Бегин не казался слишком встревоженным.
― Вам и всем остальным лучше думать о своих делах. Вы уже сотворили достаточно бед… ― сказал он, не обращая внимания на вопрос; его слова звучали как предупреждение, что еще больше заинтересовало Данте.
― Будь ты проклят! ― воскликнул поэт. ― Ты труслив и жалок, ты думаешь только о своем таинственном защитнике, который освободит тебя, чтобы ты продолжил свои злодеяния. Ты так безумен, что даже не хочешь признать, что это конец. Ты думаешь, что если из тебя не выбивают признание хлыстом или раскаленным железом, ты сможешь поучаствовать в другом неудачном мятеже.
Но когда ты поймешь свою ошибку и захочешь кричать на все стороны его имя, единственное, что можно будет услышать, ― твои крики из костра.
Бегин никак не реагировал.

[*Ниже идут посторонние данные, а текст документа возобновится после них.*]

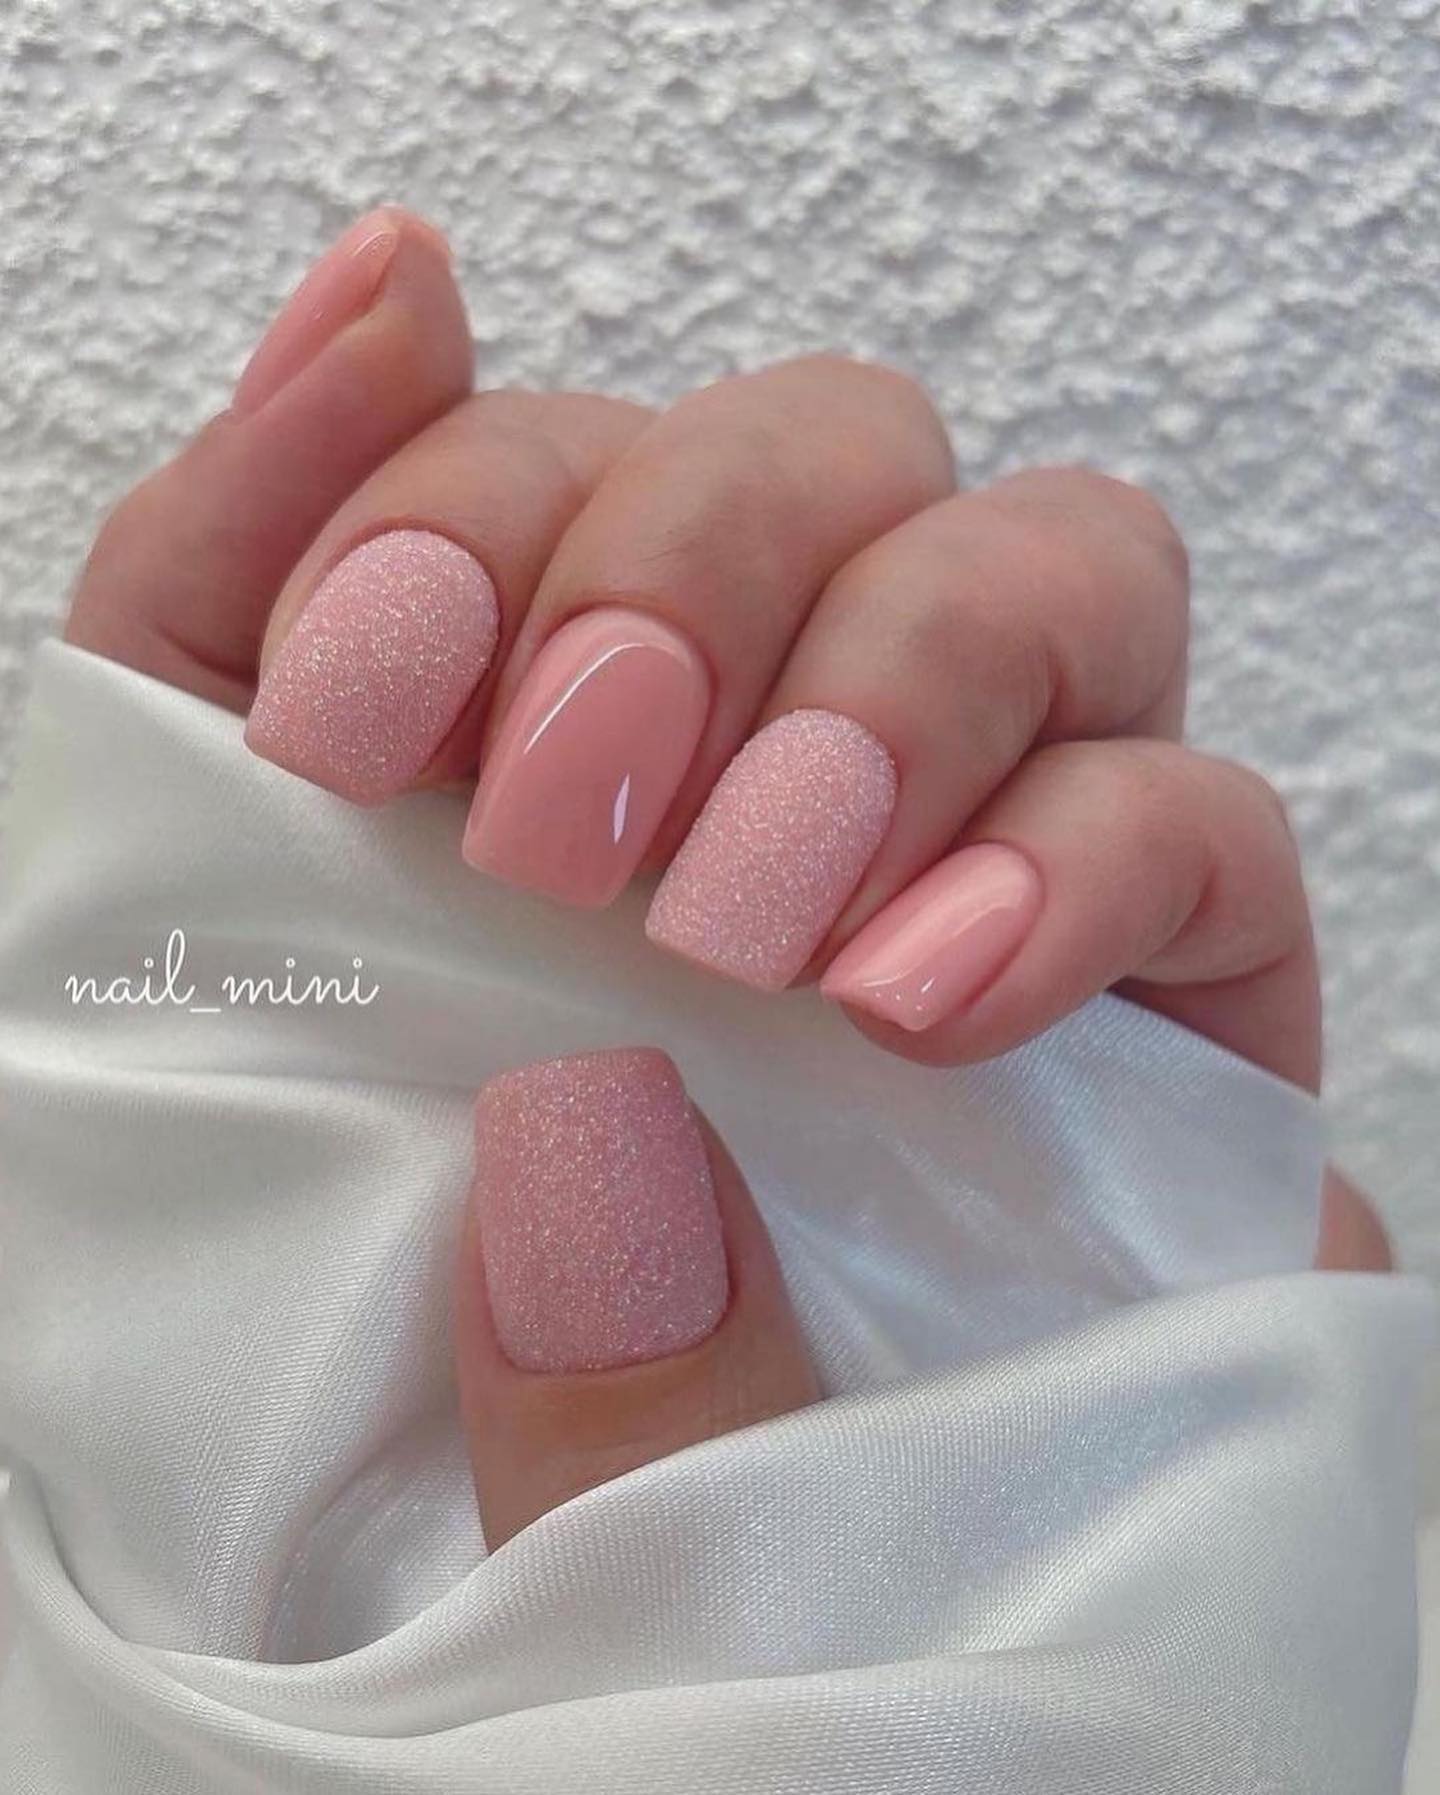 100 Of The Best Spring Inspired Nail Designs images 50

Его серые глаза были устремлены на Данте. Поэт мог заметить его напряженность и ярость только по пальцам, сжимавшим прутья решетки, таким окоченелым и жалким; кожа на них была гладкой и казалась слившейся с железом. Пальцы были белыми, кроме ногтей, которые выделялись тёмными пятнами. Это были «голубые ногти».